§ **Task to complete**
Without the pictures, set down everything in the listing exactly.

§ **Data segment**
────────────────

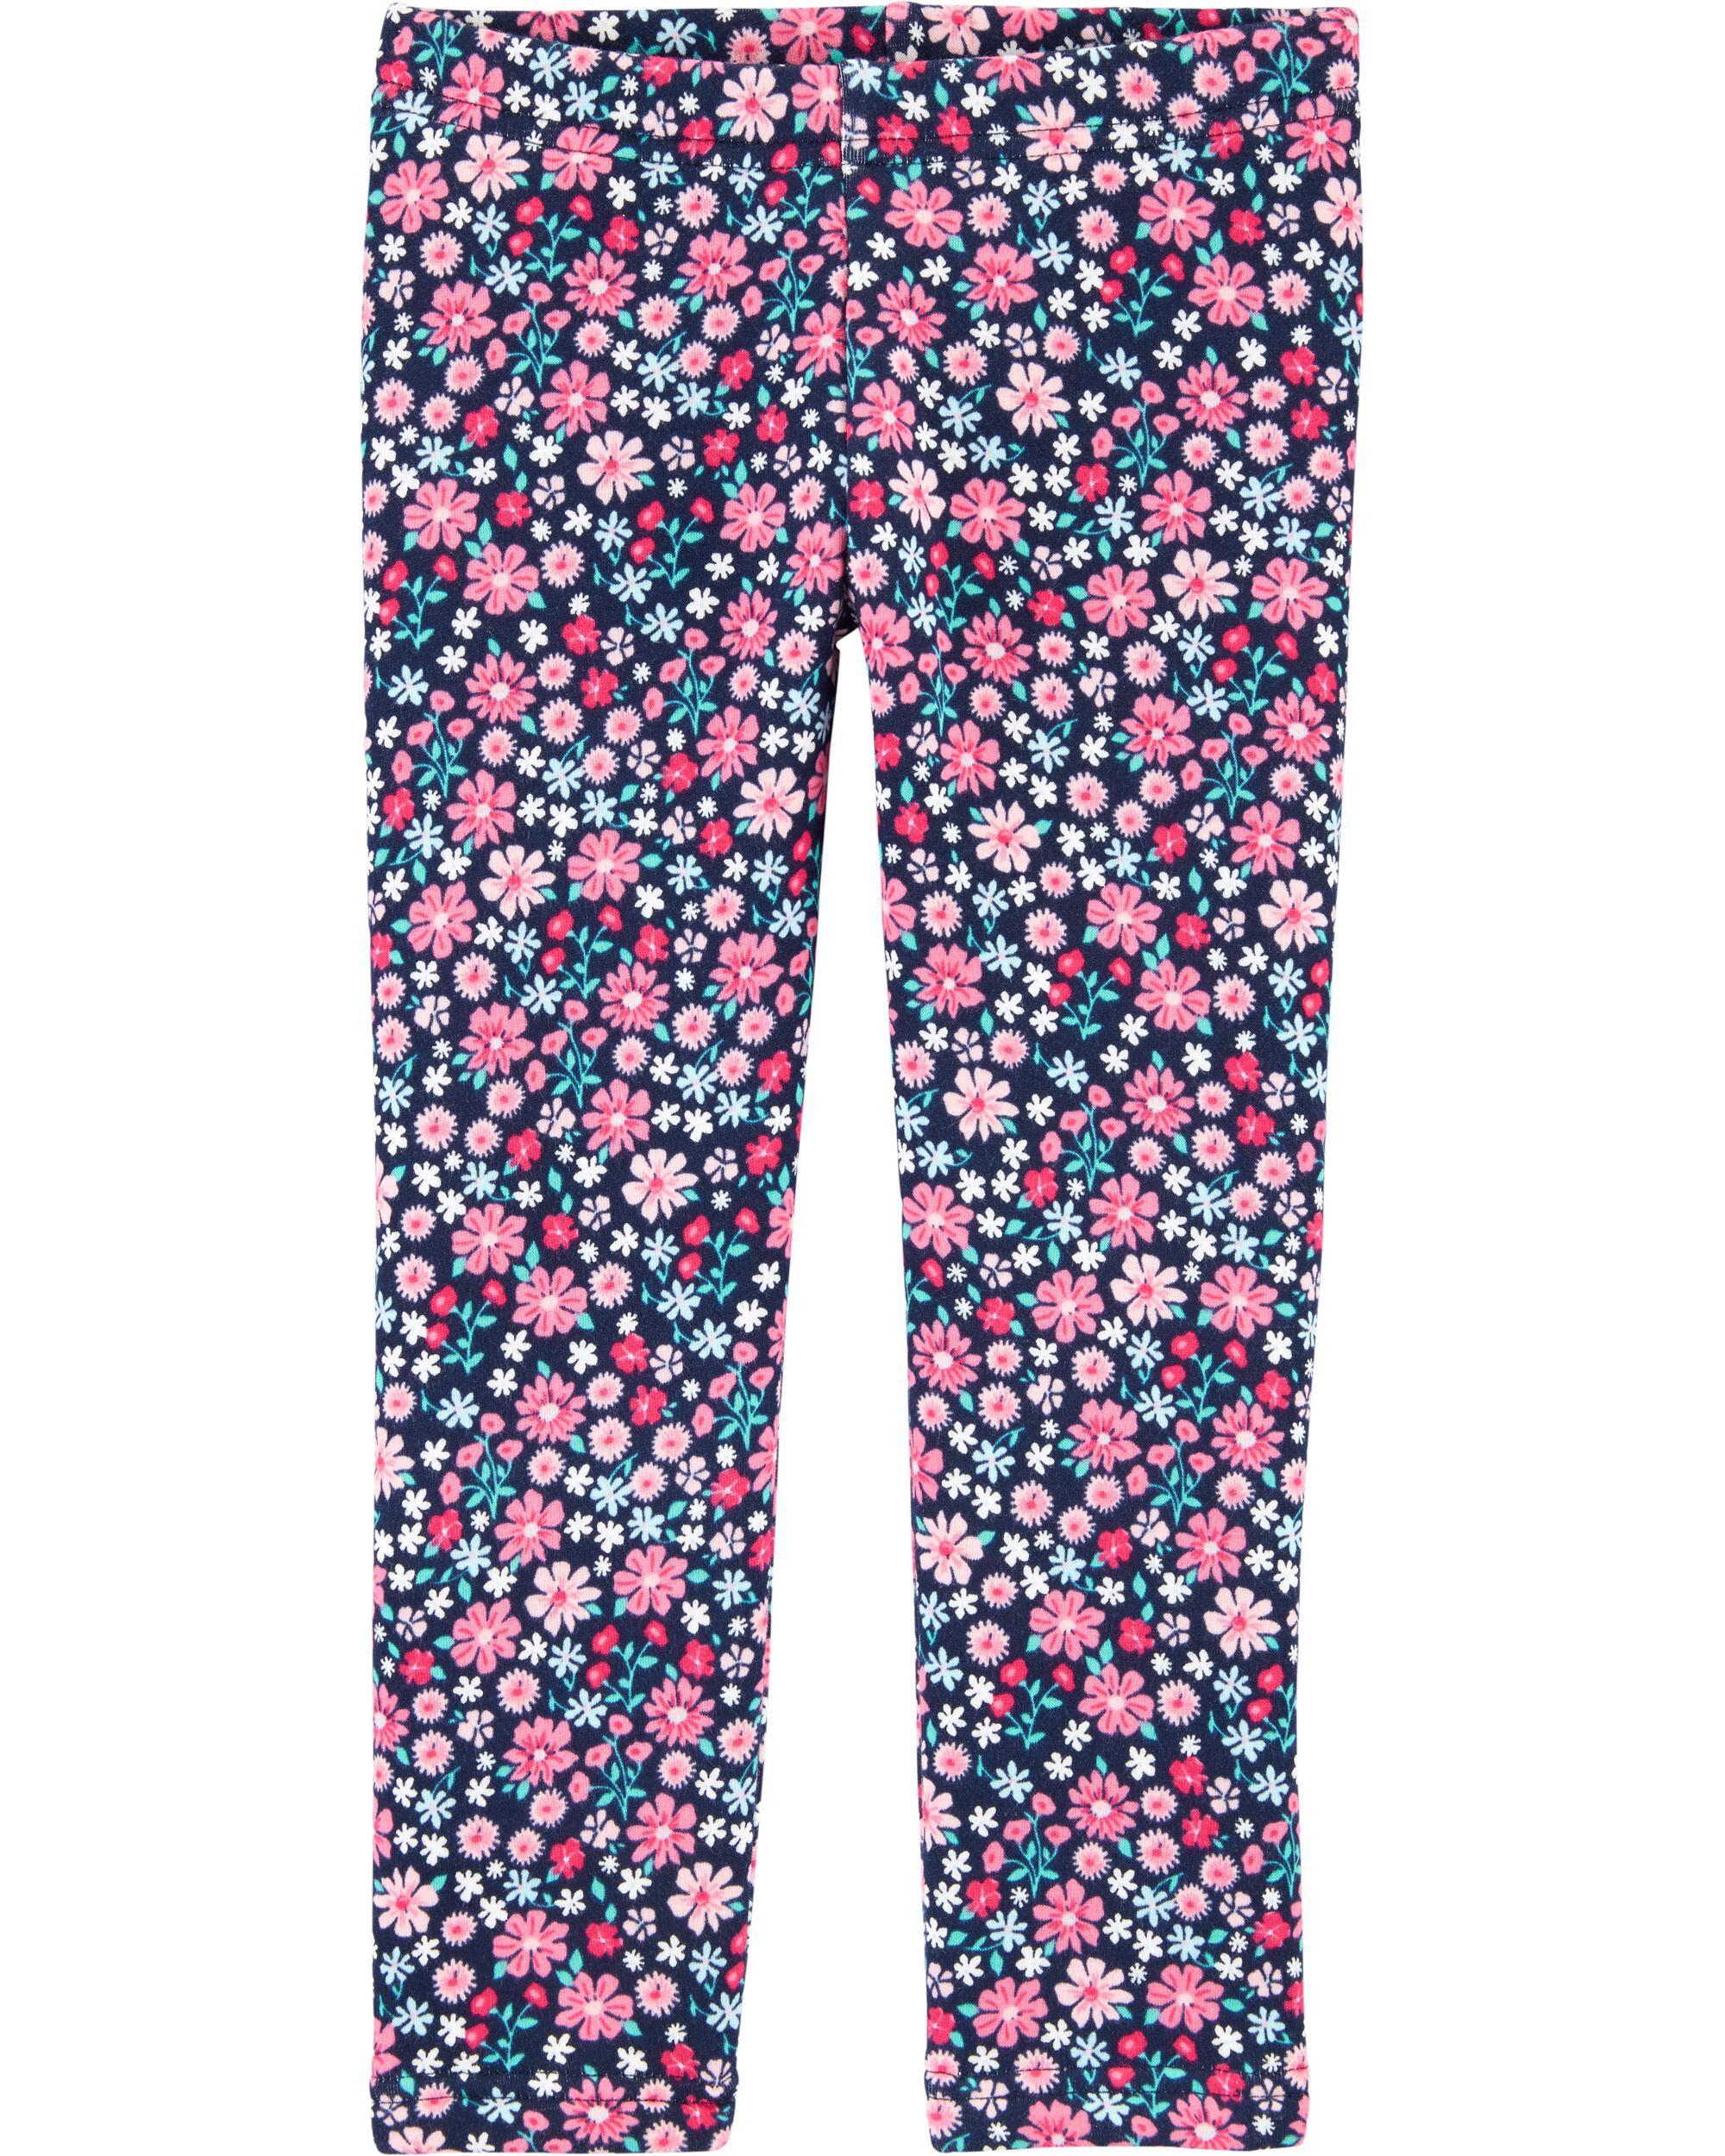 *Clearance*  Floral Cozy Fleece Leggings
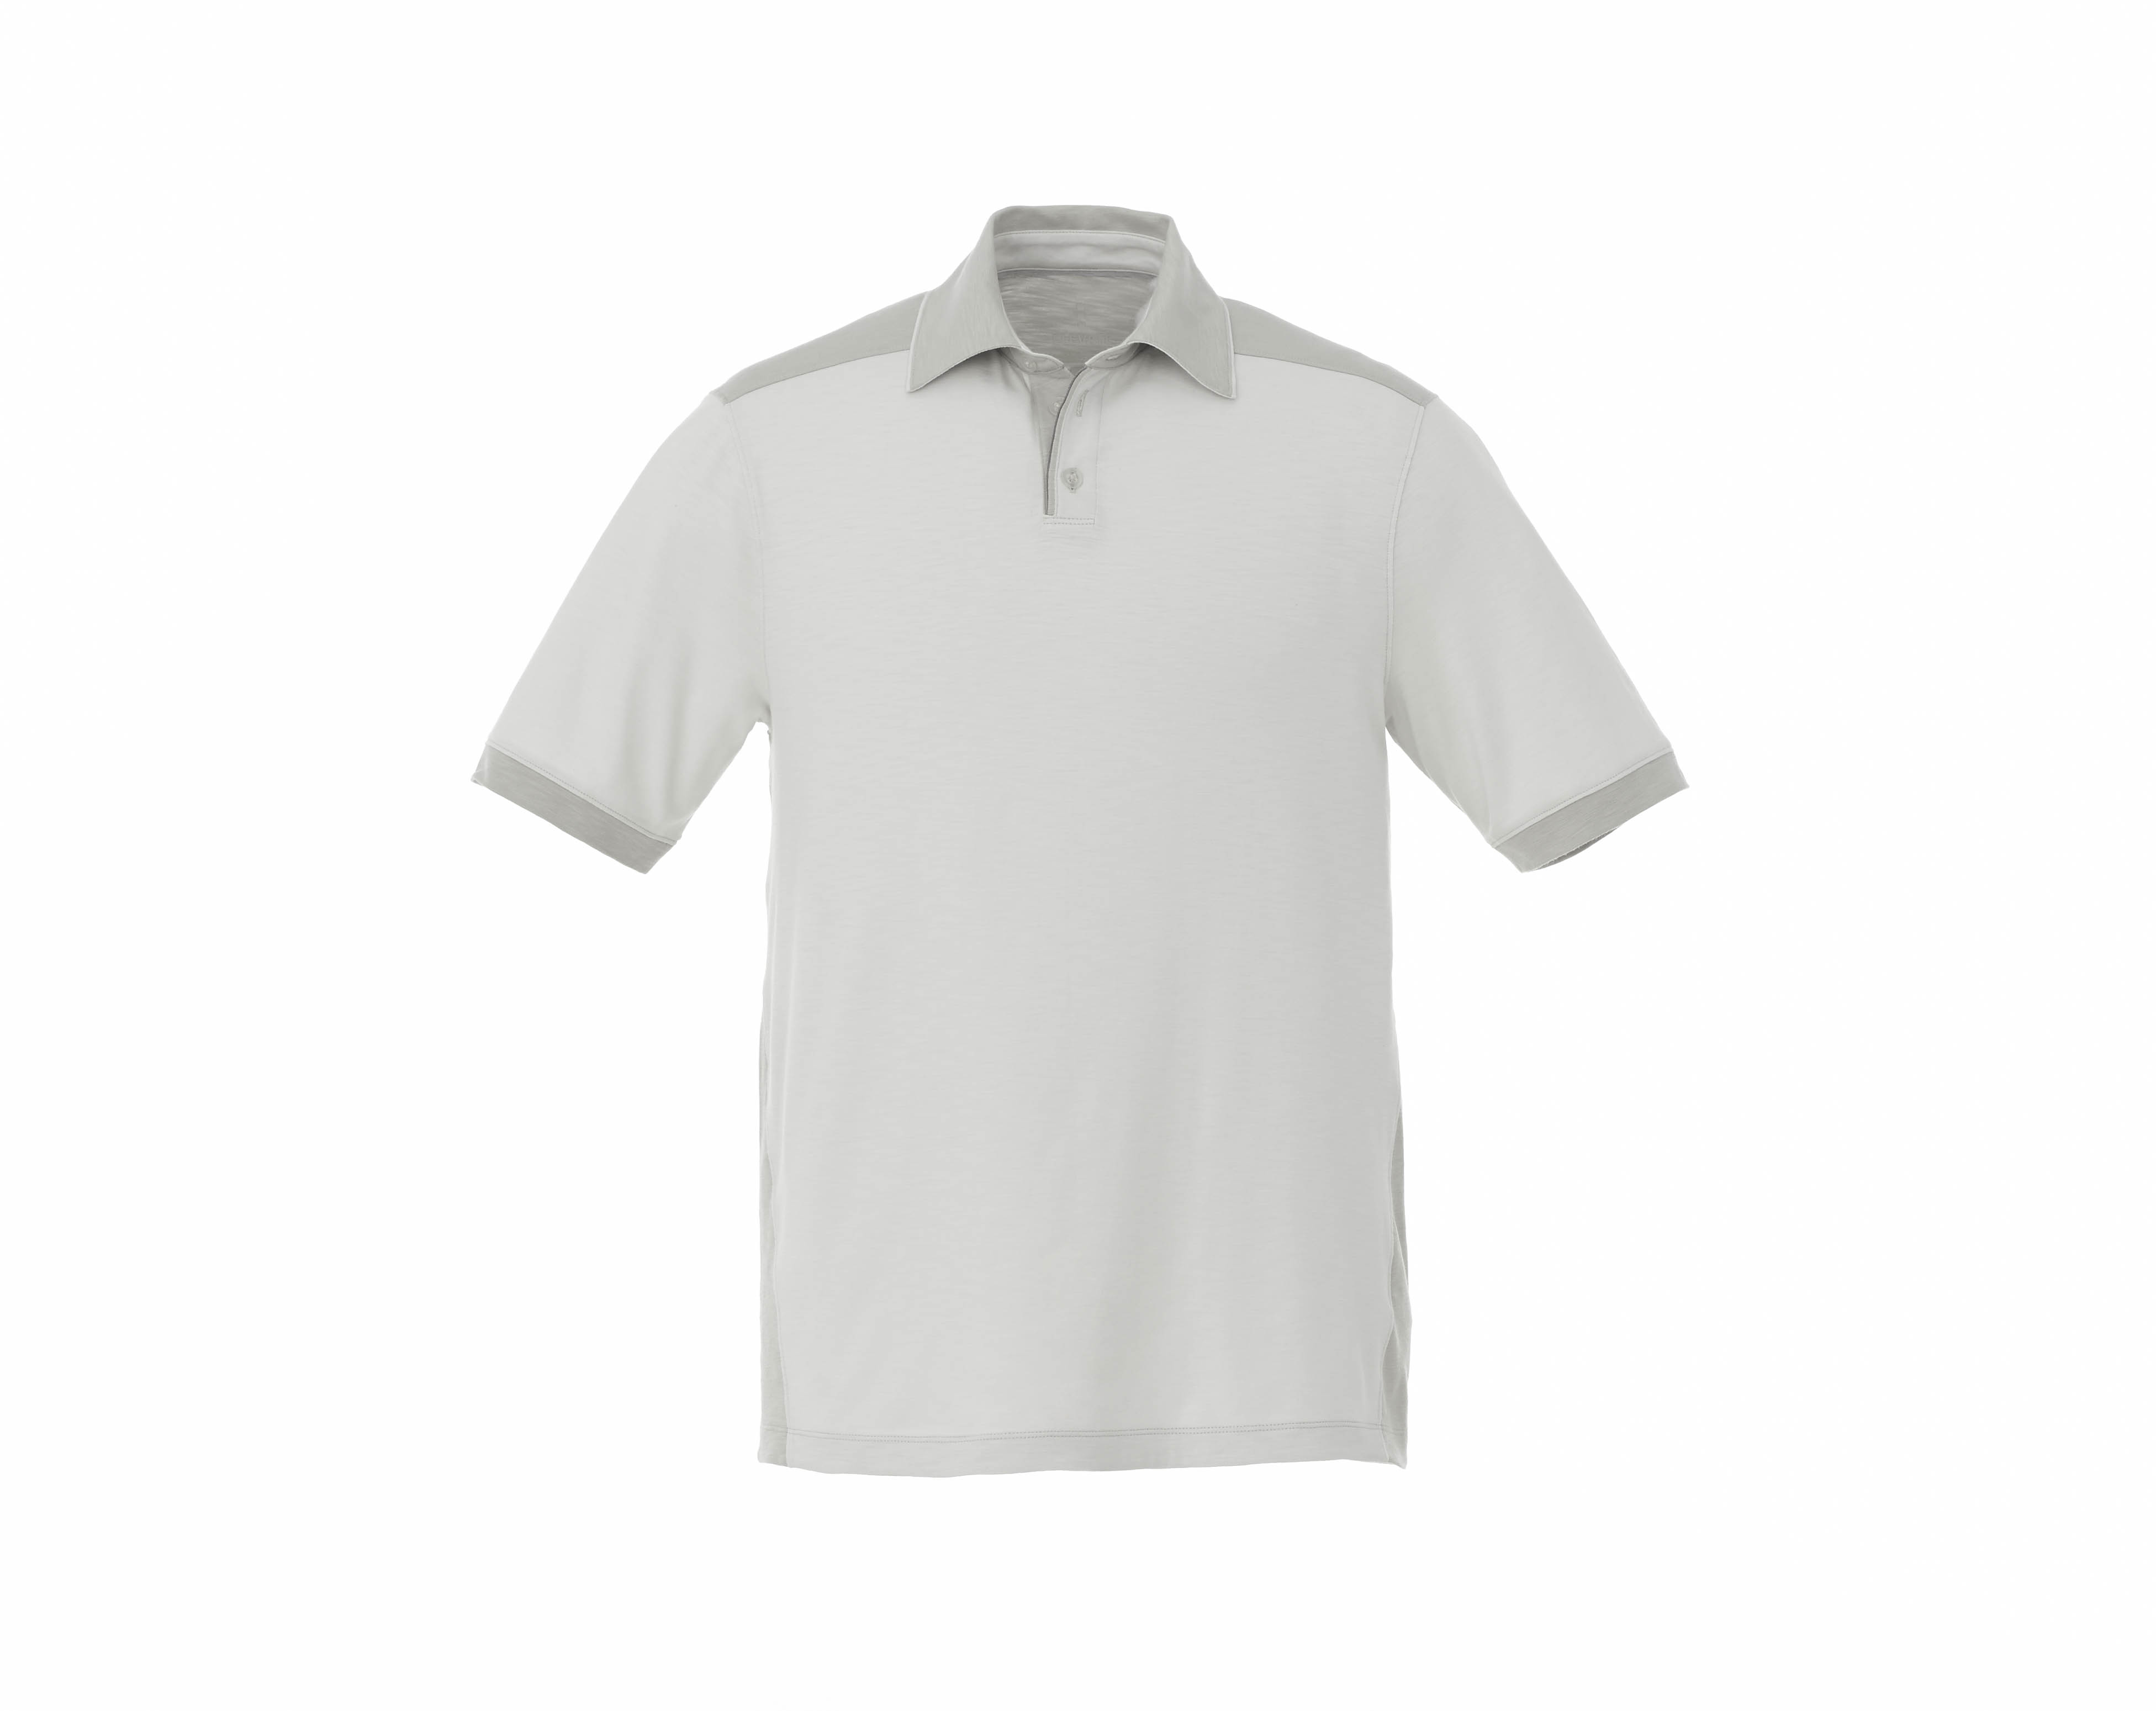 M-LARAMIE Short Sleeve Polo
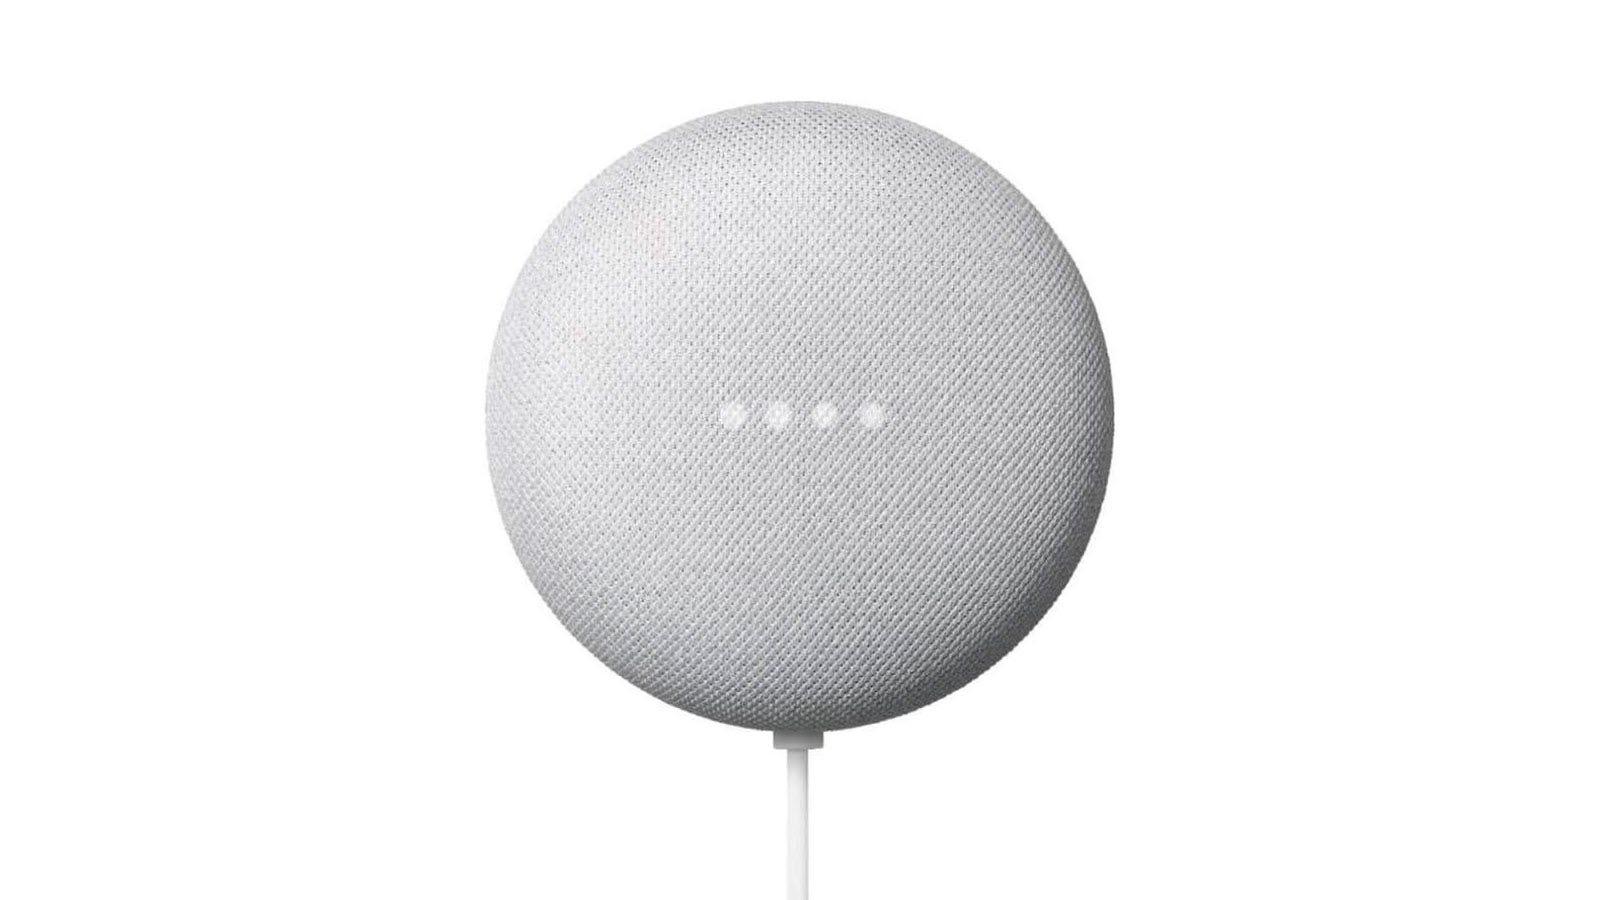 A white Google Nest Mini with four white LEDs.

────────────────

§ **Finished task**
 *Clearance*  Floral Cozy Fleece Leggings
 M-LARAMIE Short Sleeve Polo
 A white Google Nest Mini with four white LEDs.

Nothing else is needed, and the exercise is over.